Reputation: 689
I want to grep out ( invert grep / reverse grep ) some xml data from my log files. grep -v works , but i have some giant xml body that gets printed every 5 minutes in my logs and I want to grep that whole xml body out, because it is mostly noise and makes it harder for me to parse the log file. The lines i want to grep out looks something like this.
date time pattern
<xml-tag>
<smaller tag1>
<smaller tag2>
</smaller tag1>
</smaller tag2>
</xml-tag>
When I try something like
grep -v "pattern" log-file
the pattern gets grepped out . But the xml gets left behind. Anyway to grep out all contents starting from to all contents ending in ? I also tried
egrep -v -A6 "pattern" log-file
as a last ditch effort . I assuming this should grep out 6 lines after the match.
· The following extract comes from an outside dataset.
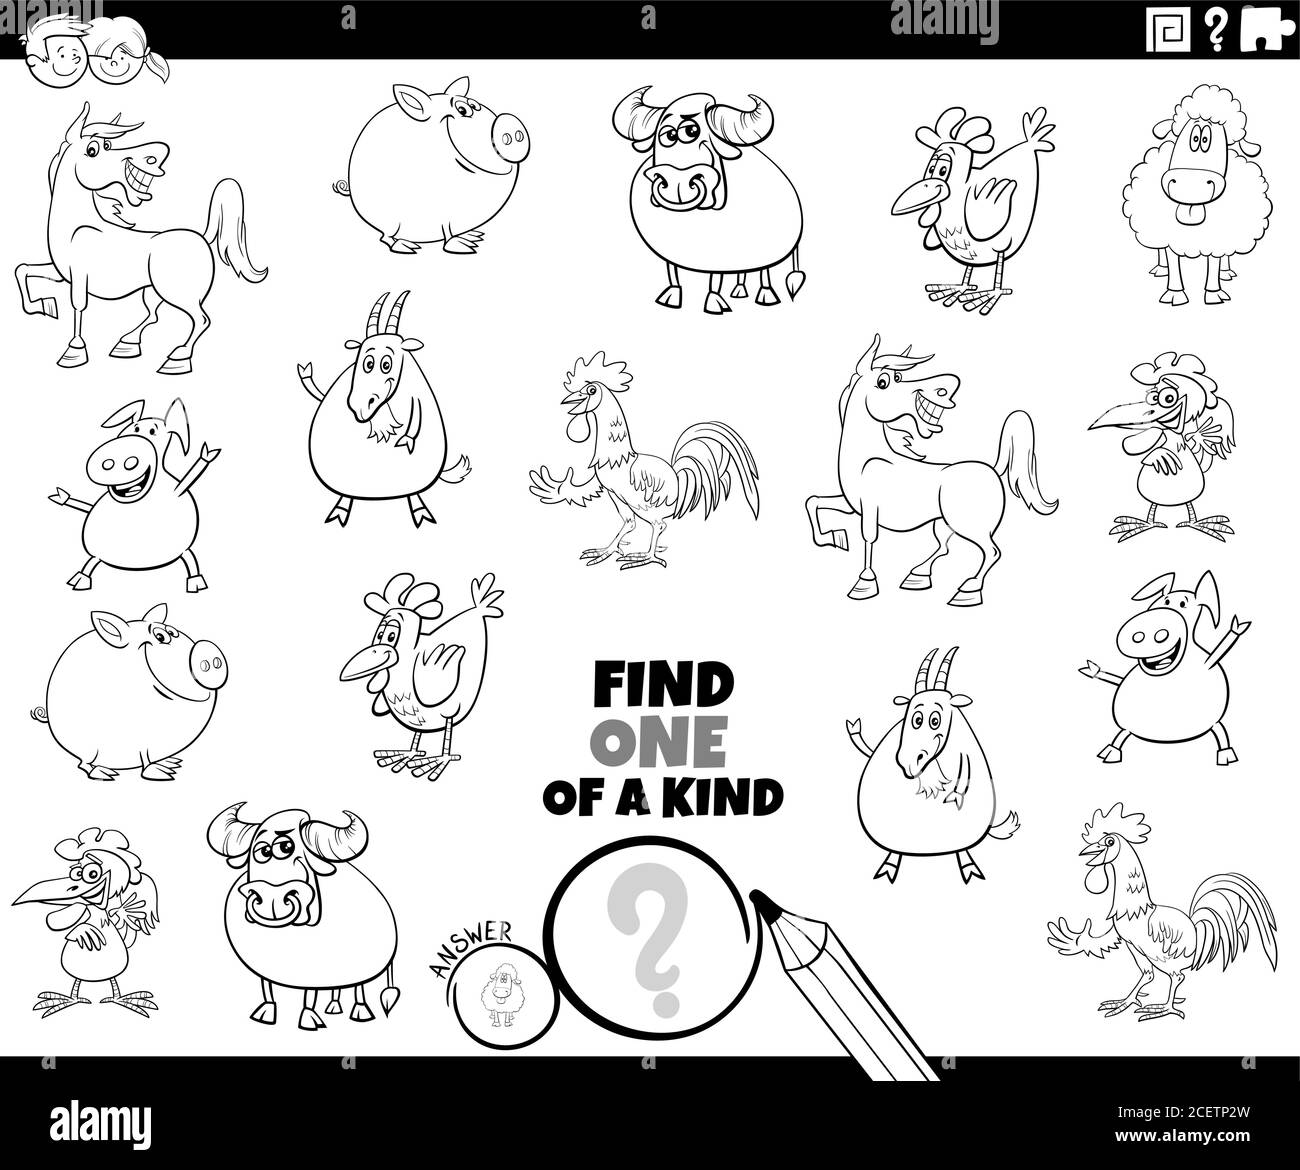 Dessin animé noir et blanc Illustration de trouver un de Genre image jeu éducatif avec la couleur de personnages de ferme comique d'animal Page de livre Illustration de Vecteur
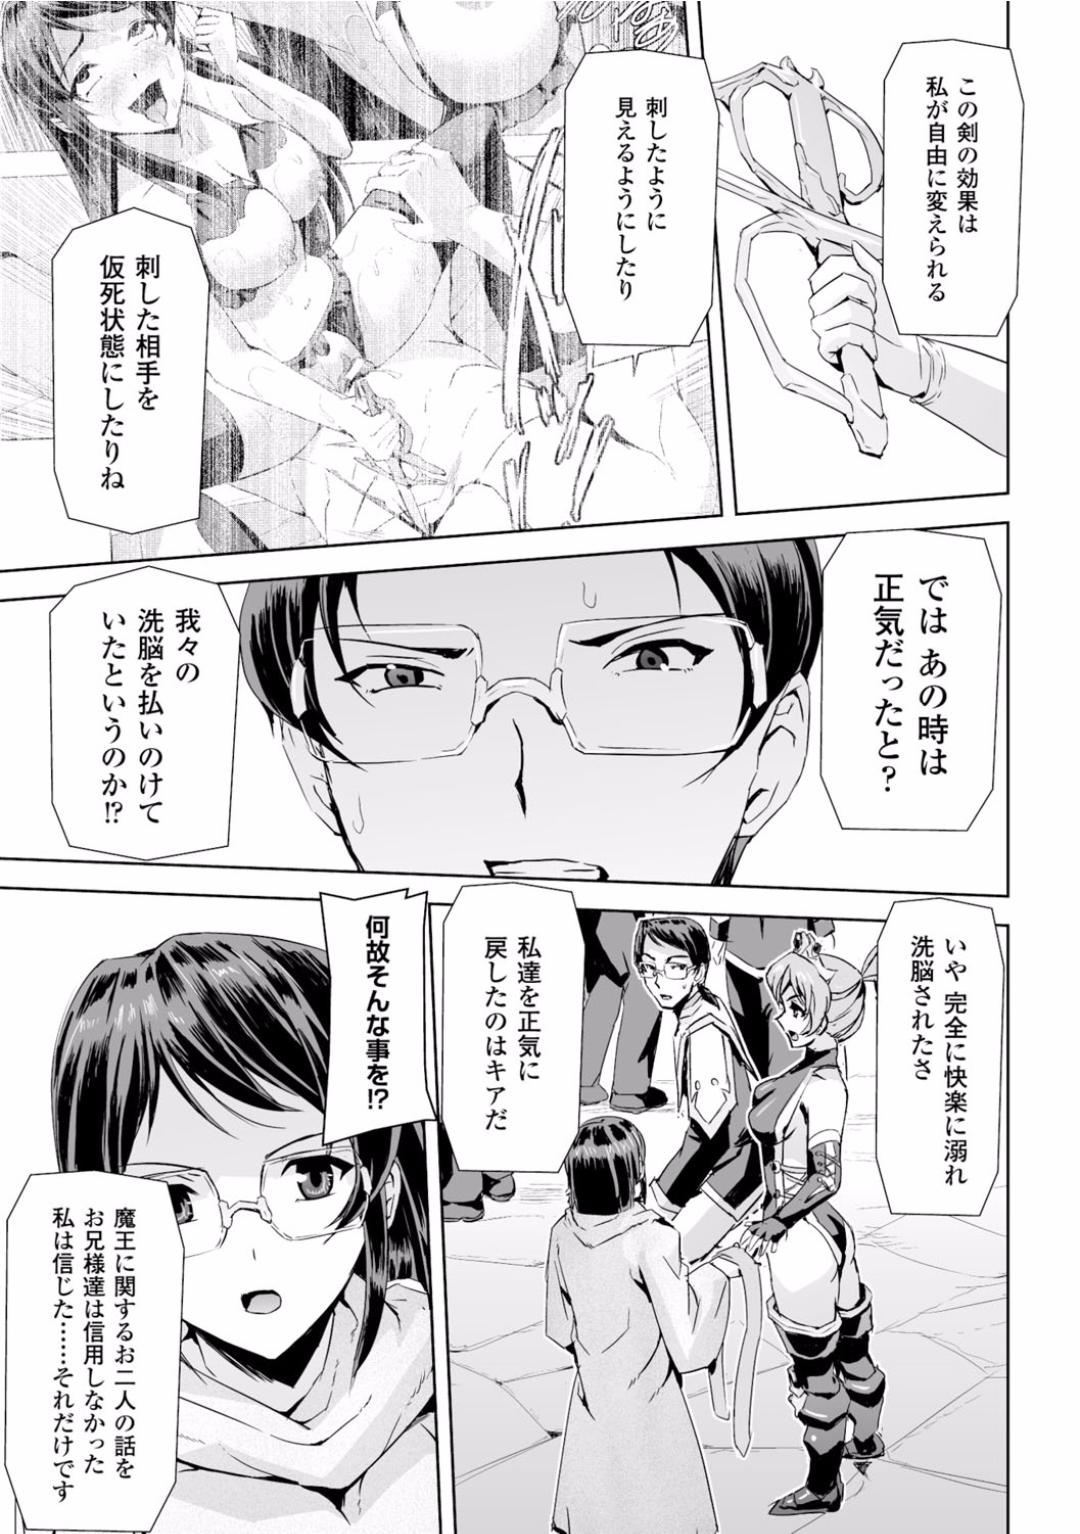 Seigi no Heroine Kangoku File Vol. 2 49

That didn't work either for some reason.
Upvotes: 1
Views: 196
Reputation: 58548
This might work for you (GNU sed):
sed '/pattern/,/<\/xml-tag>/d' logfile
Upvotes: 0
Reputation: 41460
Here is an awk
that not use the range function:
awk '/pattern/ {f=1} !f; /<\/xml-tag>/ {f=0}' file
before1
after1
Range function is nice, but less flexible if other test are to be done.
Upvotes: 0
Reputation: 113964
To skip all lines between pattern and the closing xml tag:
awk '/pattern/,/<\/xml-tag>/ {next} 1' logfile
With this as the logfile:
$ cat logfile
before1
date time pattern
<xml-tag>
<smaller tag1>
<smaller tag2>
</smaller tag1>
</smaller tag2>
</xml-tag>
after1
The output produced is:
$ awk '/pattern/,/<\/xml-tag>/ {next} 1' logfile
before1
after1
In awk
, the expression /pattern/,/<\/xml-tag>/
defines a range of lines that starts with a line that has pattern
in it and ends with the next line that has <\/xml-tag>
in it. For any such line, the commend next
is executed, meaning that the line is not printed and awk
starts processing the next line. If next
is not executed, in other words we are not in the unwanted block, then the 1
is executed which, in awk
, is short-form for "print this line".
Upvotes: 4